> **INFORMATION GIVEN**
↓↓↓
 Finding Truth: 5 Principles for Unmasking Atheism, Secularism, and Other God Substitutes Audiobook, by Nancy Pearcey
↑↑↑
↓↓↓
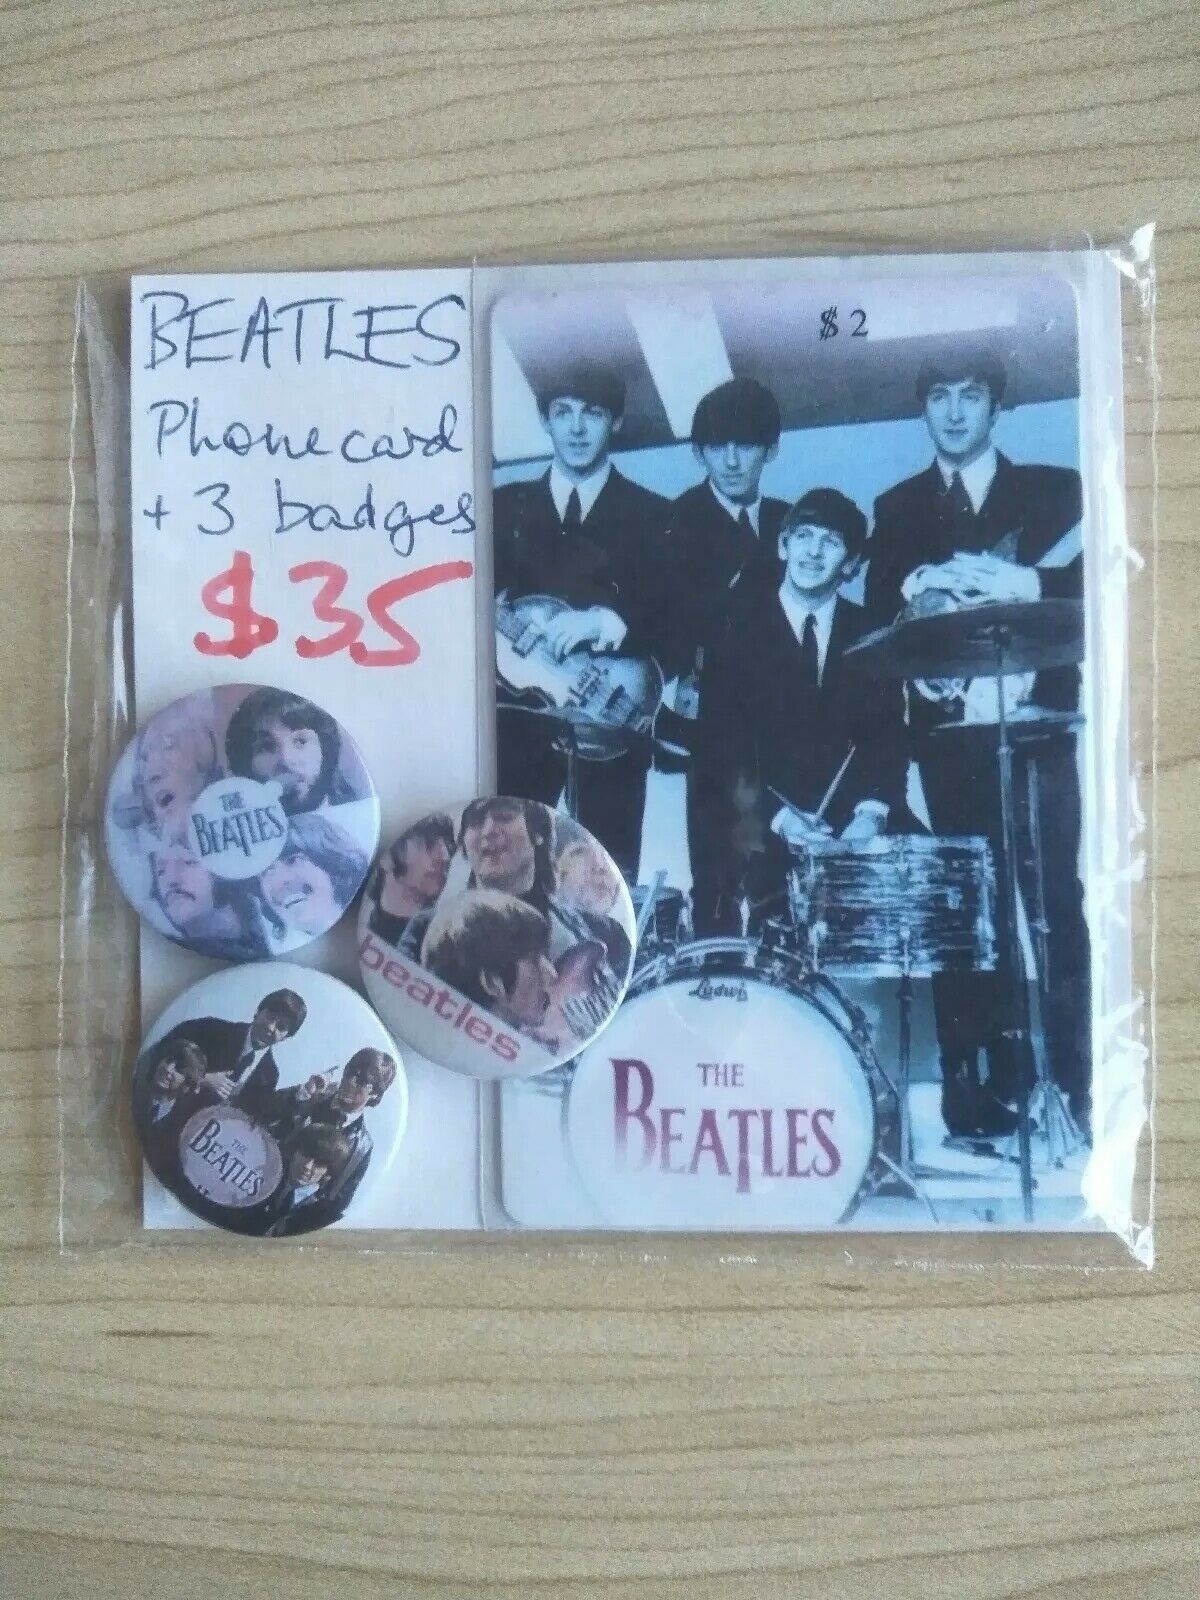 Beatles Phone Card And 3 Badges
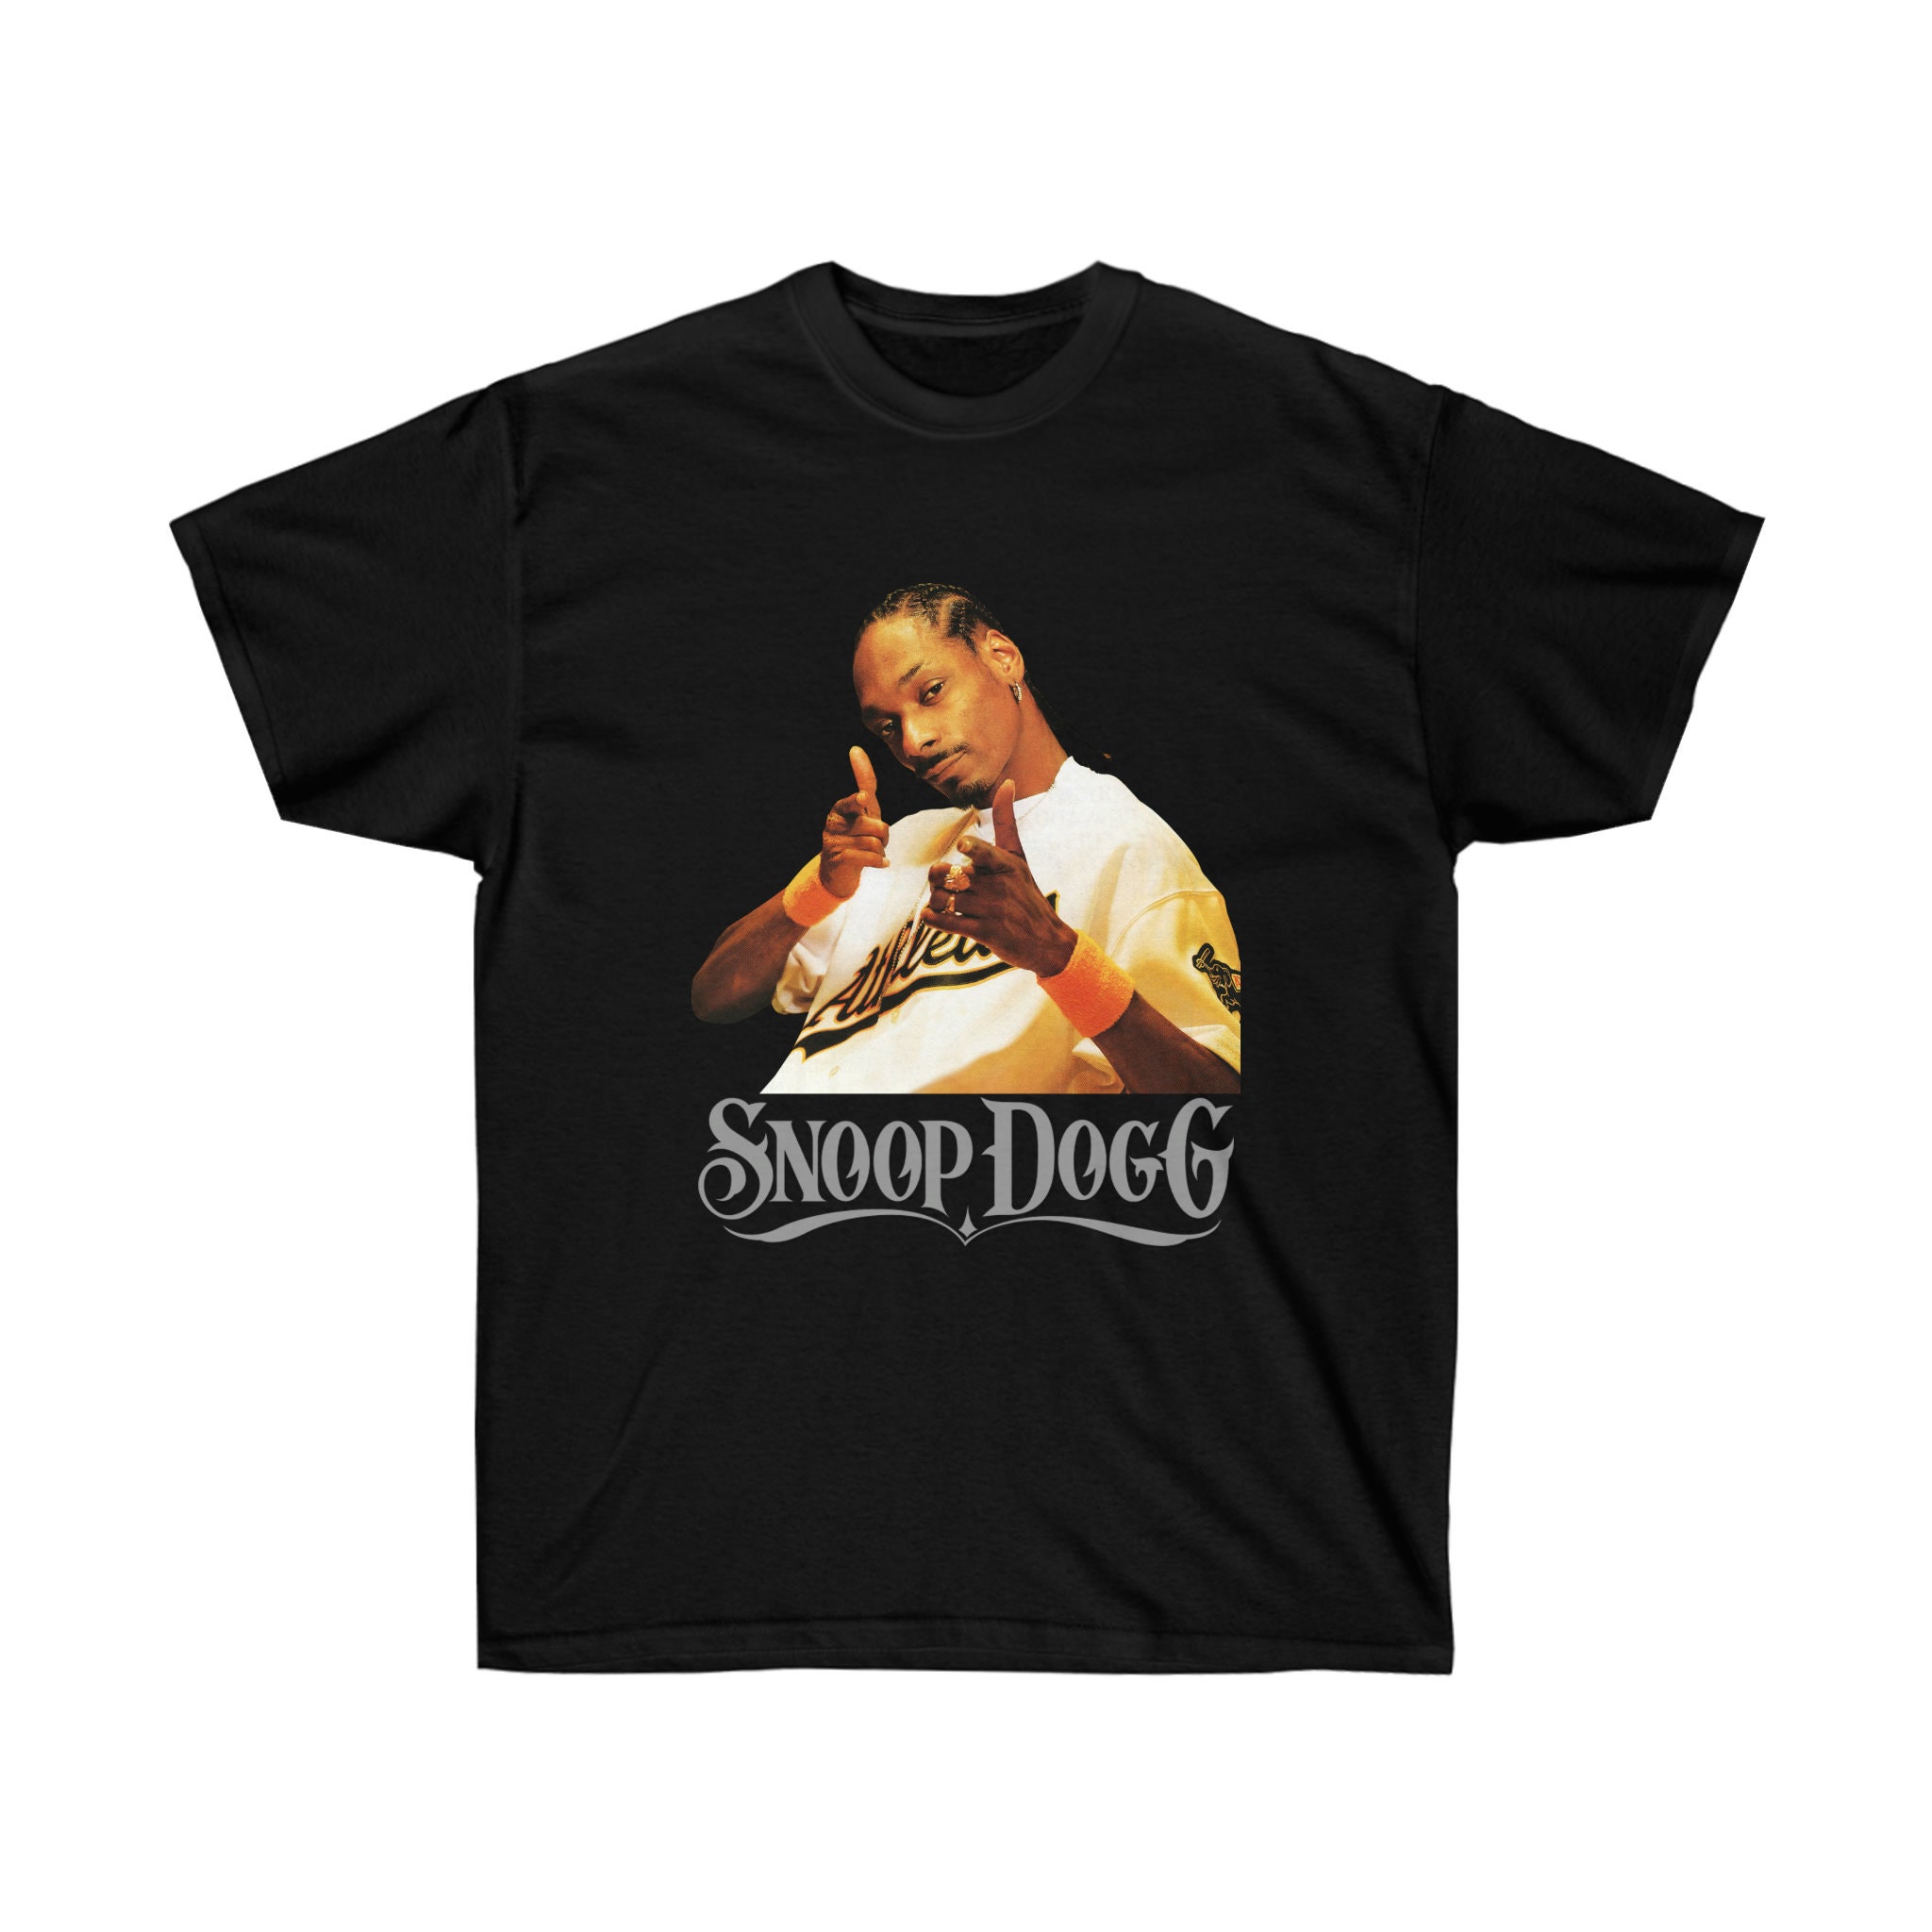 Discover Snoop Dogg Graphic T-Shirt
↑↑↑
> **TASK**
Beginning at the line above that contains "Beatles Phone Card And 3 Badges" and going on through the line that contains "Discover Snoop Dogg Graphic T-Shirt", please copy every line exactly, leaving the pictures out and adding nothing.

> **REPLY TO THE TASK**
 Beatles Phone Card And 3 Badges
 Discover Snoop Dogg Graphic T-Shirt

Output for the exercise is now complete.